Not exactly where many would expect to find such diversity.

Irony of getting away from society: resources are needed

An interesting article about intentional communities includes this insight into why they might not be available to everyone:

And perhaps these communities are not as immune from worldly flaws as they might like. For example: Many of them struggle to be accessible to people other than middle-class white folks. Sky Blue, a Twin Oaks resident who also serves as the executive director of the Fellowship for Intentional Community, said there are “a lot of racial [problems] and racism that are embedded in intentional communities.” Even despite good intentions, “Liberal white people who have a desire for diversity don’t necessarily understand what it means to be inclusive,” he said. “They’re going to create culture in [their] intentional community that is going to be comfortable for them, which isn’t necessarily comfortable for people of color, or people with disabilities, or people who are gay or trans.” Ethan Tupelo, a doctoral candidate at the University of Massachusetts, Amherst, who lived at Twin Oaks before he began studying intentional communities academically, said residents talked about this issue a lot when he was there. “It’s a bunch of white people sitting around wondering where all the people of color are,” he said. “It’s nice that you’re thinking about that, but it’s also frustrating.”
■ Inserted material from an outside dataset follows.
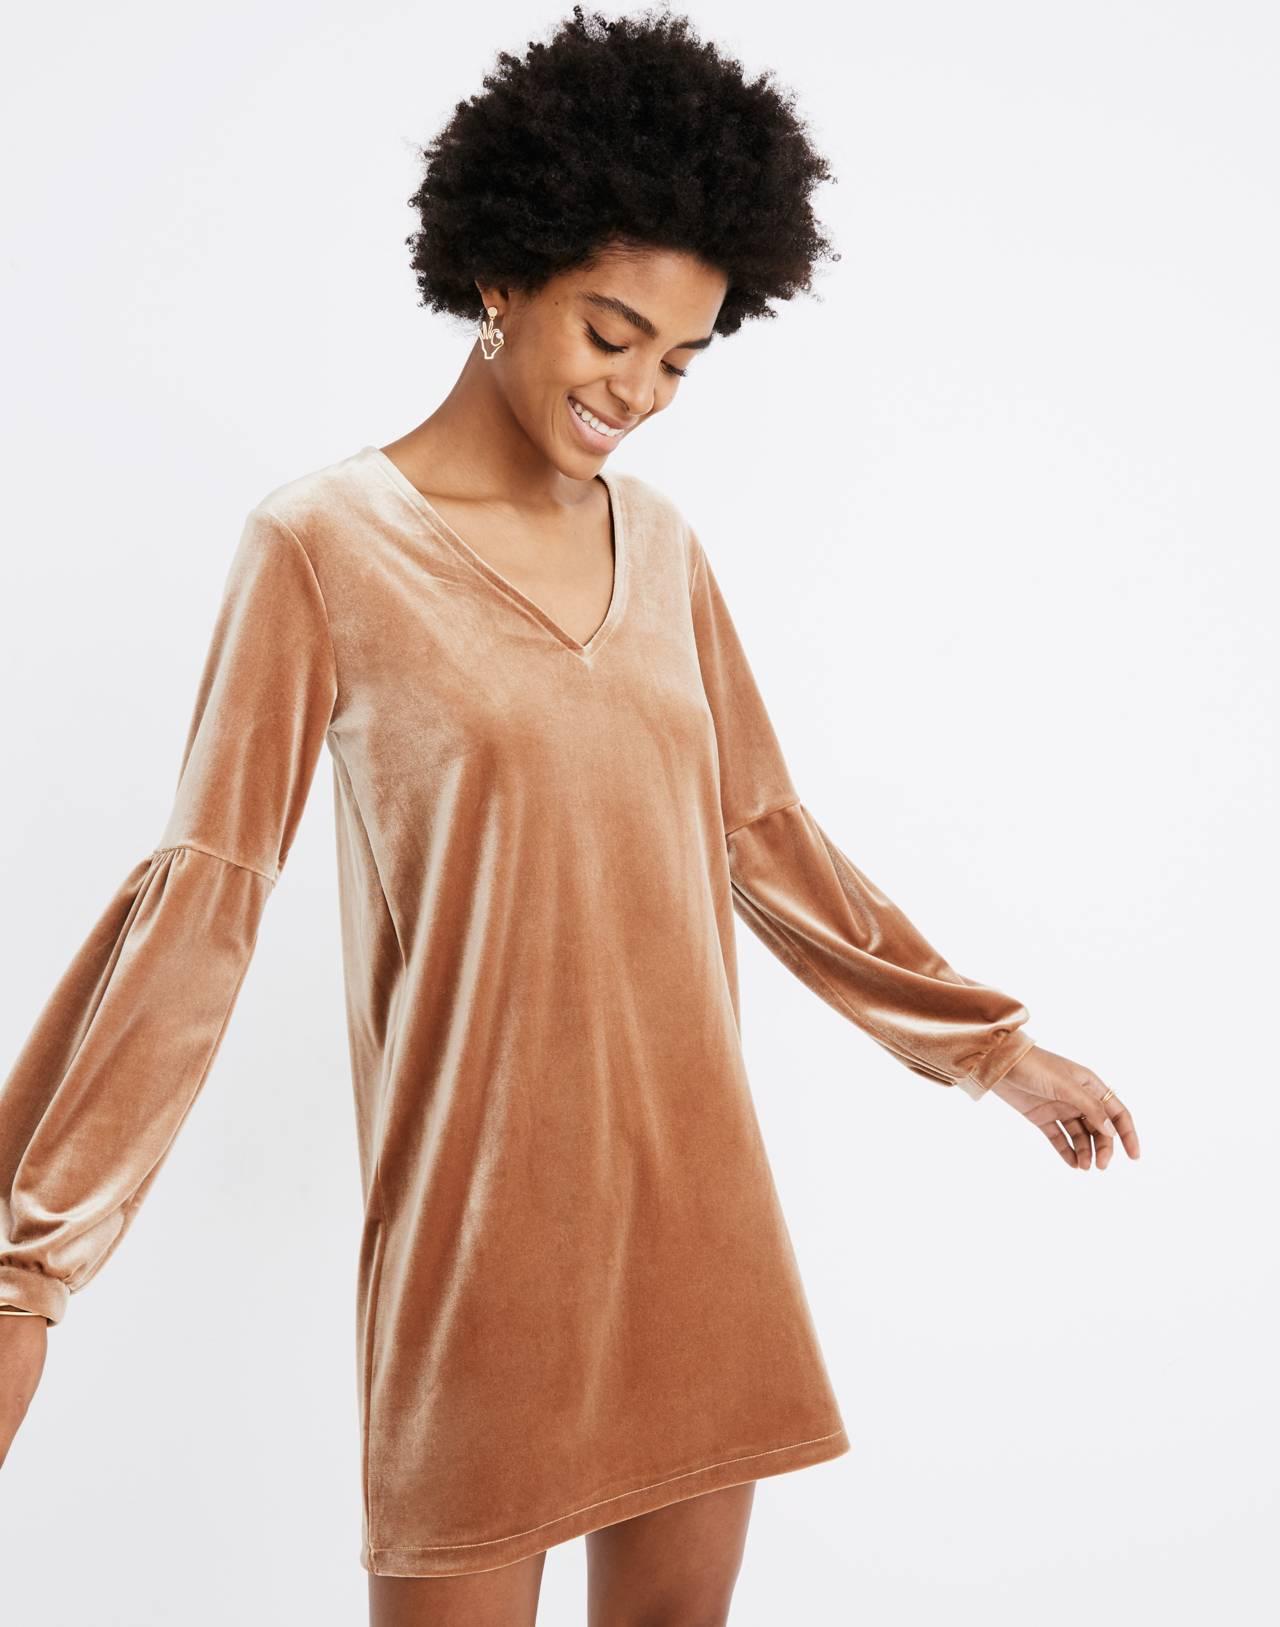 Velvet Balloon-Sleeve Dress in burnt sienna image 1

Tupelo sees a structural explanation for the inaccessibility of intentional communities: It takes a lot of cash to get off the grid. “Even when starting a new community, you need the capital to do it in the first place if you want it to be a legally recognized thing, as opposed to squats,” he said. As Nicolas and Rachel Sarah’s experience at the Downstream Project shows, becoming untangled from capitalism also means becoming much more vulnerable. It’s tough to imagine a comprehensive way of replacing health insurance, not to mention programs like welfare, in a world without government.

To truly get away from big government, big society, and capitalism, it really helps to be pretty well off. This is one of the disadvantages of being powerless: you are at the mercy of others rather than having options.
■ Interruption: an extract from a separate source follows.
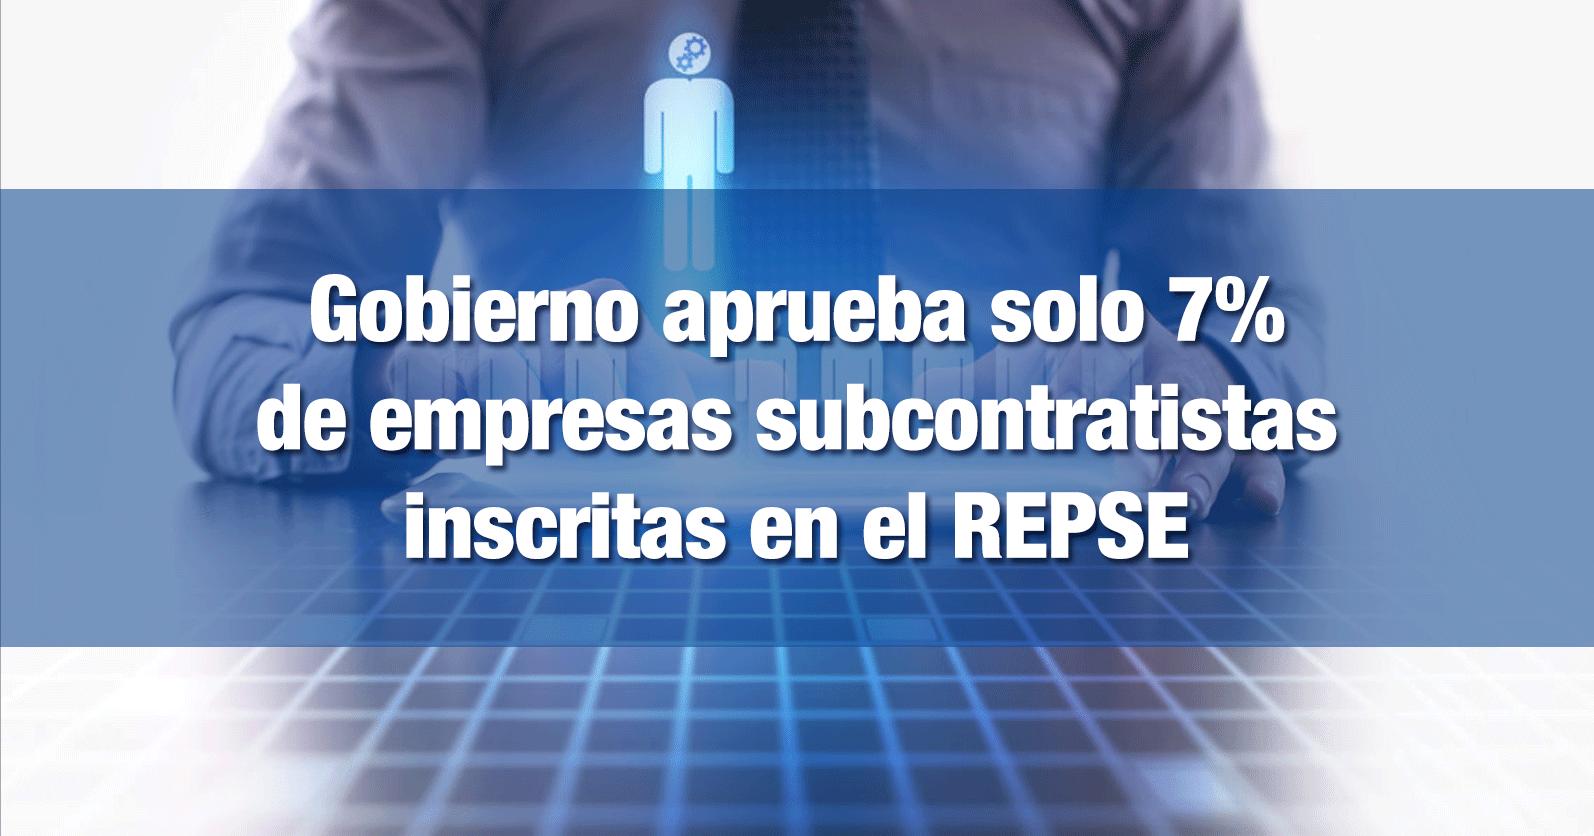 Gobierno aprueba solo 7% de empresas subcontratistas inscritas en el REPSE

This reminds me of some of the attention I see given to tiny houses: it seems like many of those interested are not working-class people struggling to get by who need affordable housing but rather educated white people who want to minimize some distractions in life and focus on what they really want to do (pay attention to family, travel, etc.). Or, those interested in minimalism: they appear to be middle and upper-class people who are seeking a new way of living because of unhappiness with the “typical” American/Western consumeristic lifestyle.

How about a foundation starts giving away money and resources to those who don’t have their own means to form intentional communities?